* _EXERCISE_
Print, word for word, only the lines from the one with "ザ・モール姫路からゆめタウン" down to the last line of the listing below; no pictures.

* _THE DATA_
□ □ □ □ □ □ □

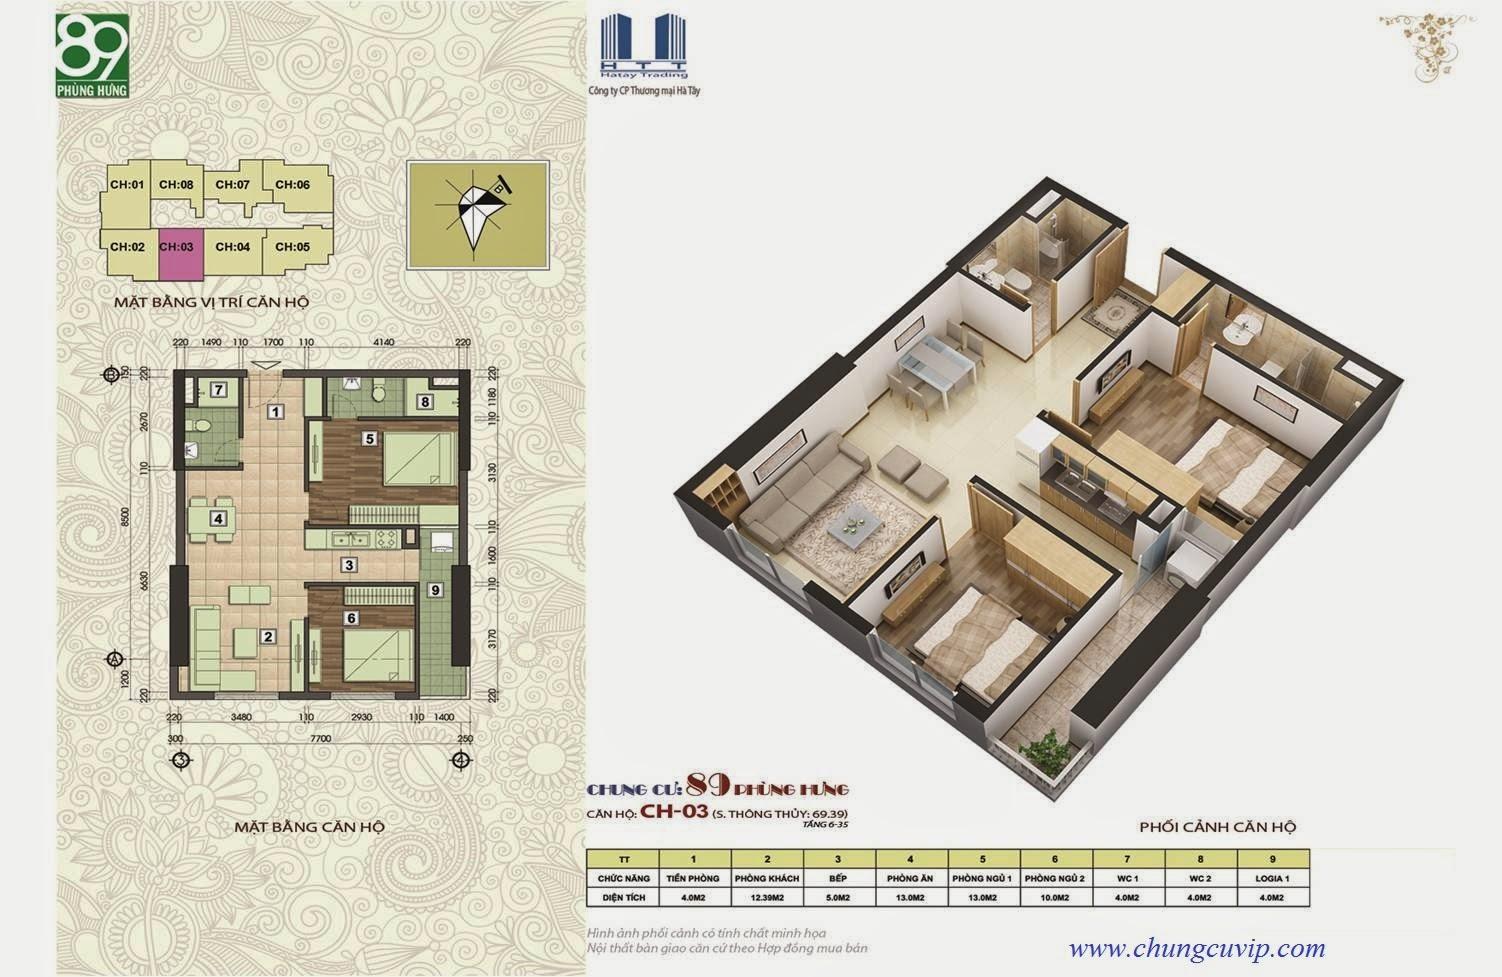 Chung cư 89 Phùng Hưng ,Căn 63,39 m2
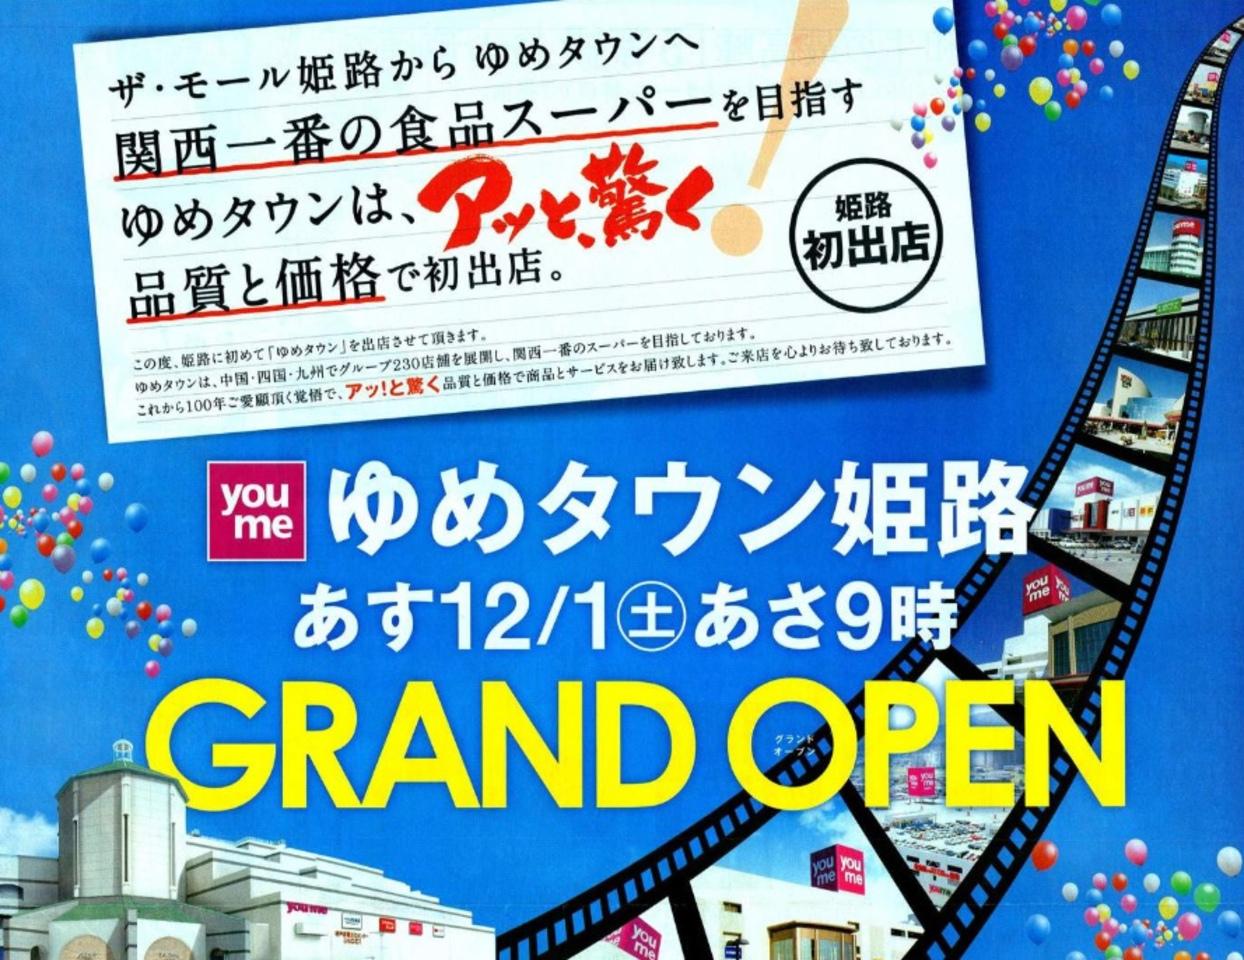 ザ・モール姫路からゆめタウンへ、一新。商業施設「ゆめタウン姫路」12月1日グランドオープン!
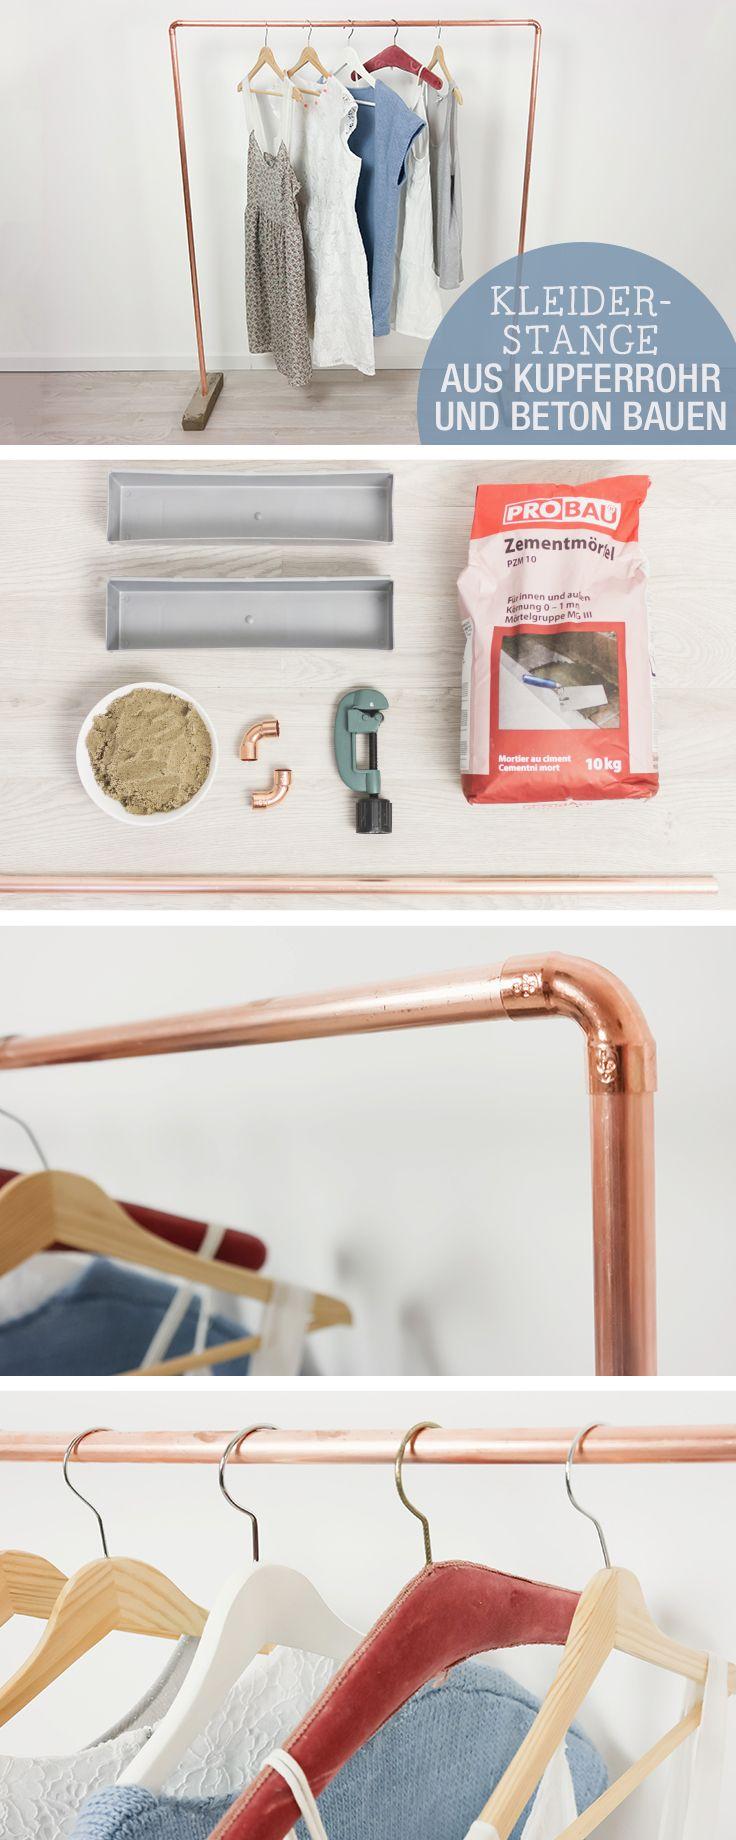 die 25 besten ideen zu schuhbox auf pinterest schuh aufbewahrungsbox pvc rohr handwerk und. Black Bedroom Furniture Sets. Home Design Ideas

□ □ □ □ □ □ □

* _OUTPUT BELOW_
 ザ・モール姫路からゆめタウンへ、一新。商業施設「ゆめタウン姫路」12月1日グランドオープン!
 die 25 besten ideen zu schuhbox auf pinterest schuh aufbewahrungsbox pvc rohr handwerk und. Black Bedroom Furniture Sets. Home Design Ideas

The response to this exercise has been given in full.